Other firewalls that support NetFlow and IPFIX exports include Barracuda, CheckPoint, Dell-SonicWALL and Palo Alto Networks. Their exports include details on layer 7 application and username. Some even include details on latency, packet loss and URLs. Only the best NetFlow analyzers can report on these exports and they are generally built on Linux.
Most Linux NetFlow solutions are not limited to network monitoring rather, they were built on Linux to ensure that they scale to meet the needs of large enterprises. The ability to collect, analyze and store massive amounts of flow data is a critical factor when choosing your next network security software solution for a few reasons:
- Many organizations are capable of sending tens of thousands of flows per second. Some are reaching into the millions.
- With the introduction of Cisco AVC reporting, NetFlow and IPFIX volumes are increasing 2-4 fold
- Storage of flow "big data" is of paramount concern because when a threat is detected, the NetFlow reporting solution is often the first appliance turned to when investigating the event.

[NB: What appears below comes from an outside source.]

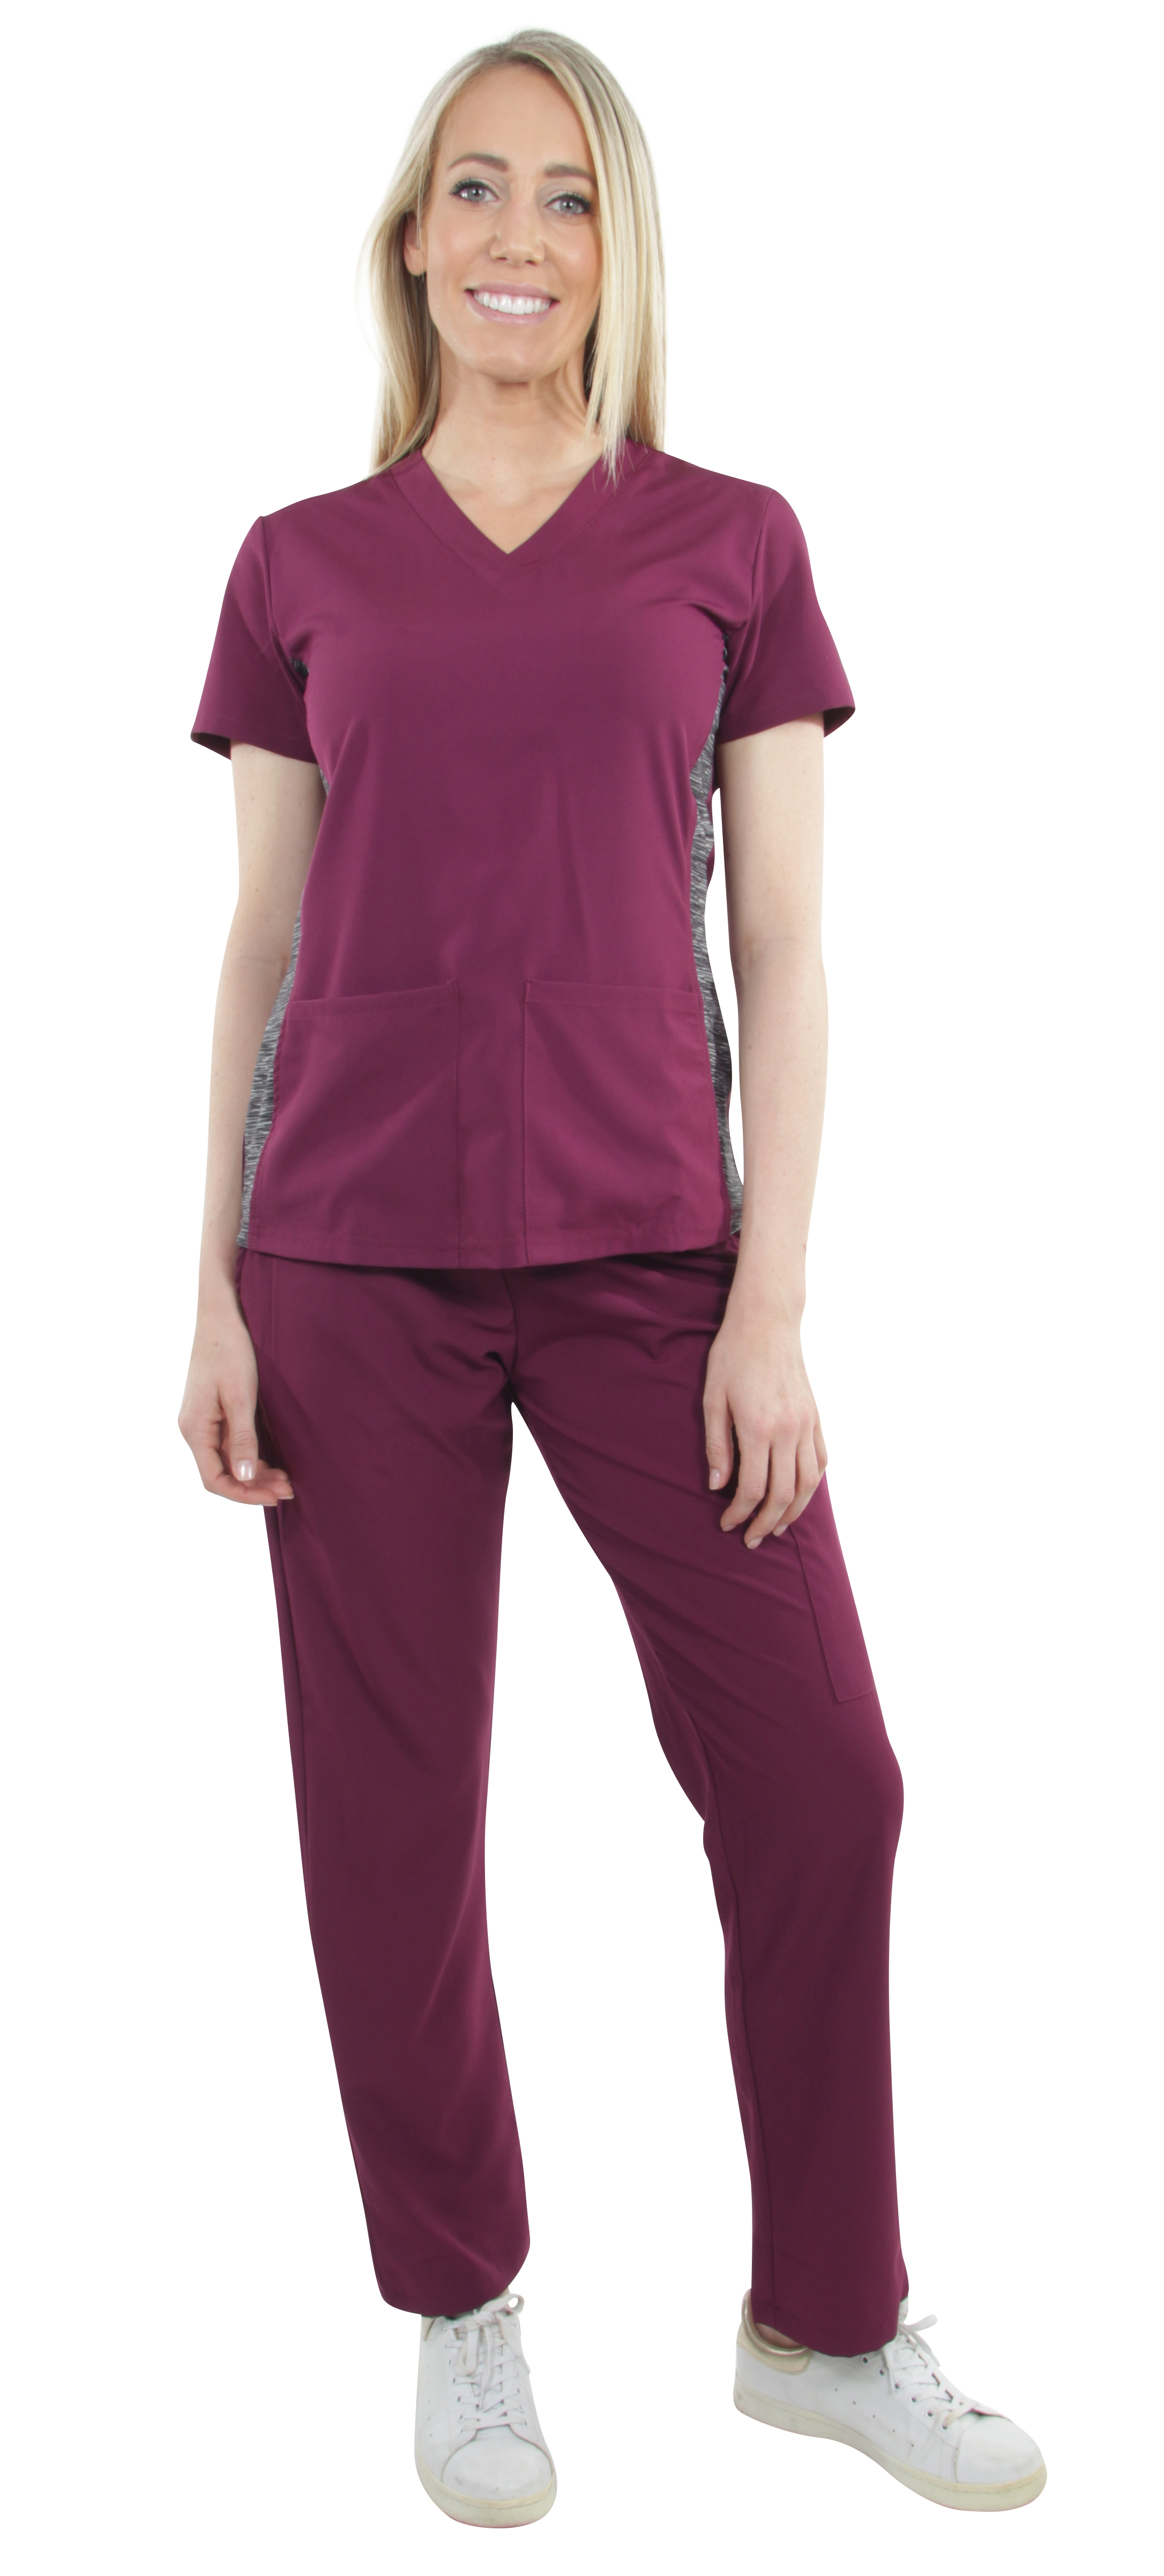 Unisex-Performance-Stretch-Medical-Uniform-Five-Pockets-V-Neck-Scrubs-Sets miniature 8
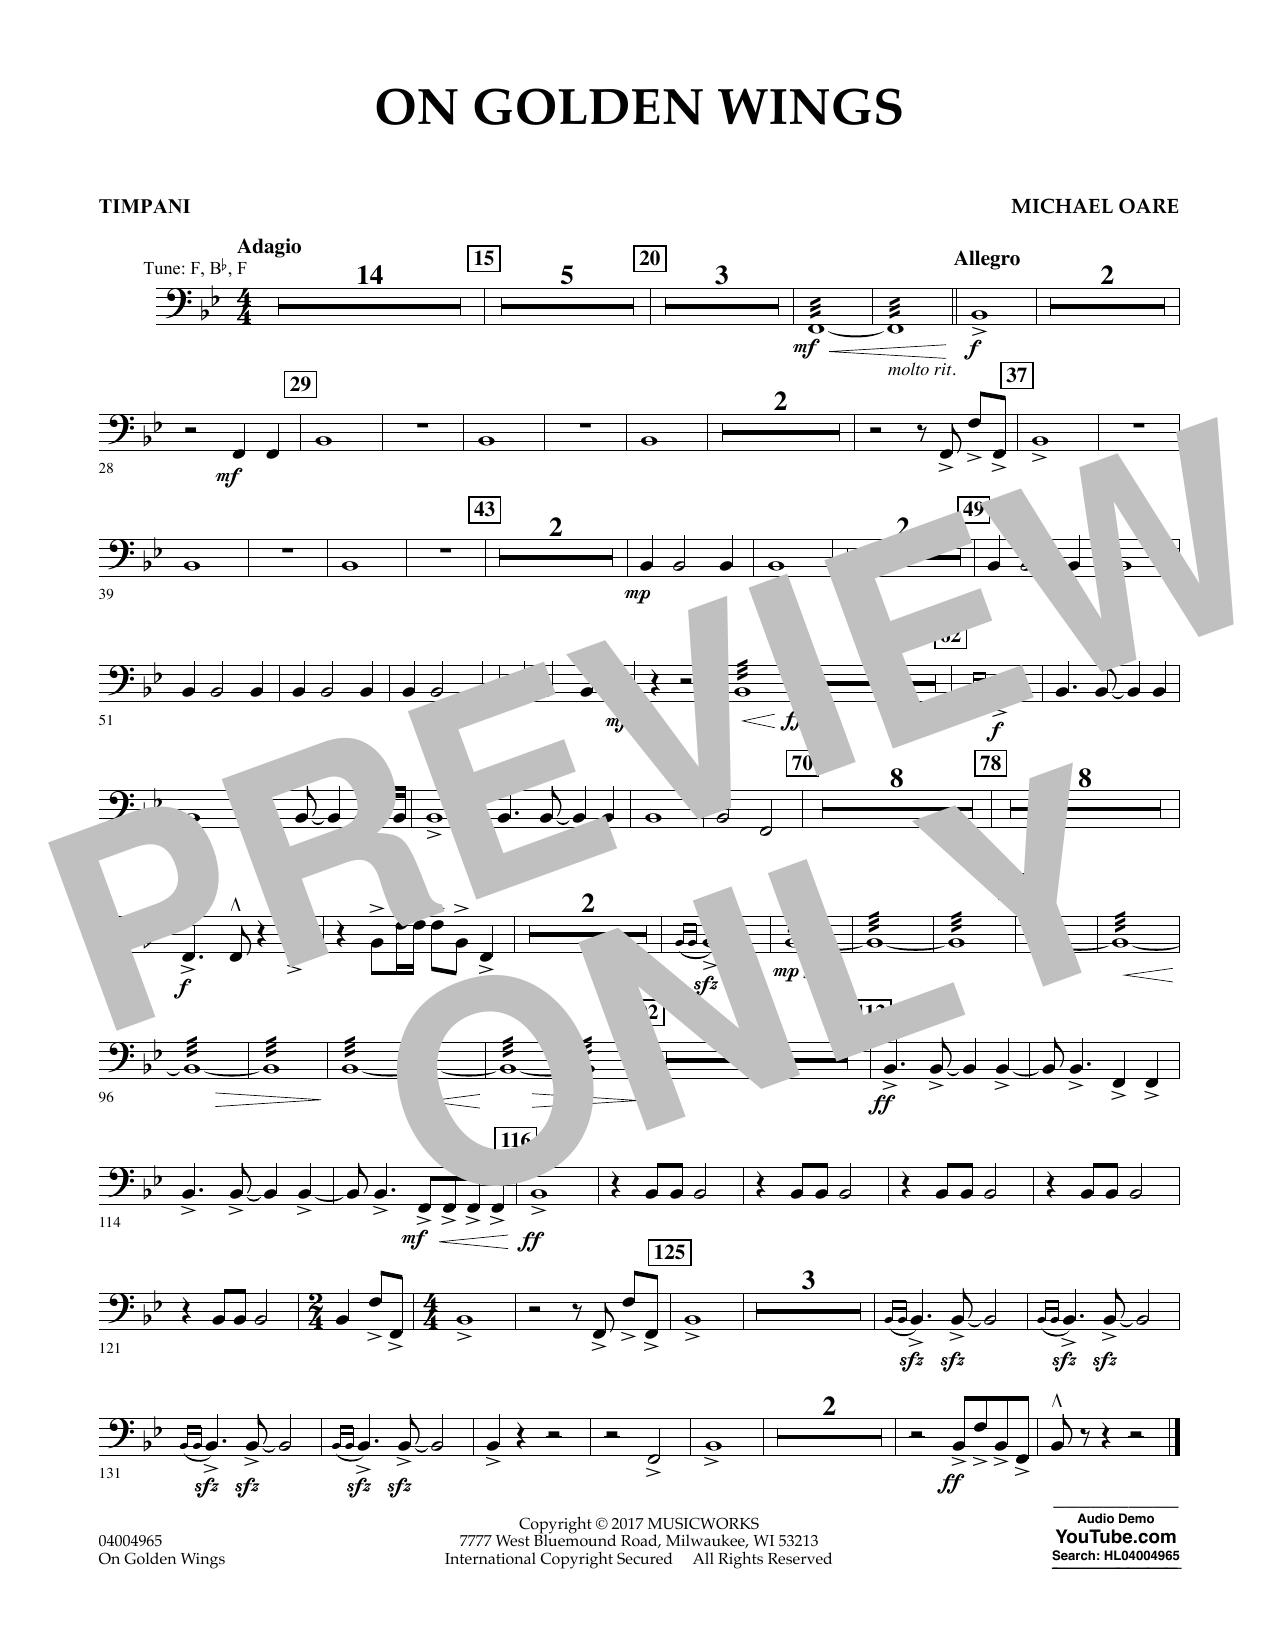 On Golden Wings - Timpani Sheet Music

If your IT security team would like to learn more about fighting threats, detecting threats and especially investigating threats with NetFlow and IPFIX, have them sign up for an advanced NetFlow training class where they will learn from some of the most seasoned network professionals in the industry. Topics covered include:
- Tuning behavior algorithms (e.g. DDos, Excessive SYNs, etc.)
- Creating custom monitors
- Hunting through the data, finding a breach, where did it come from?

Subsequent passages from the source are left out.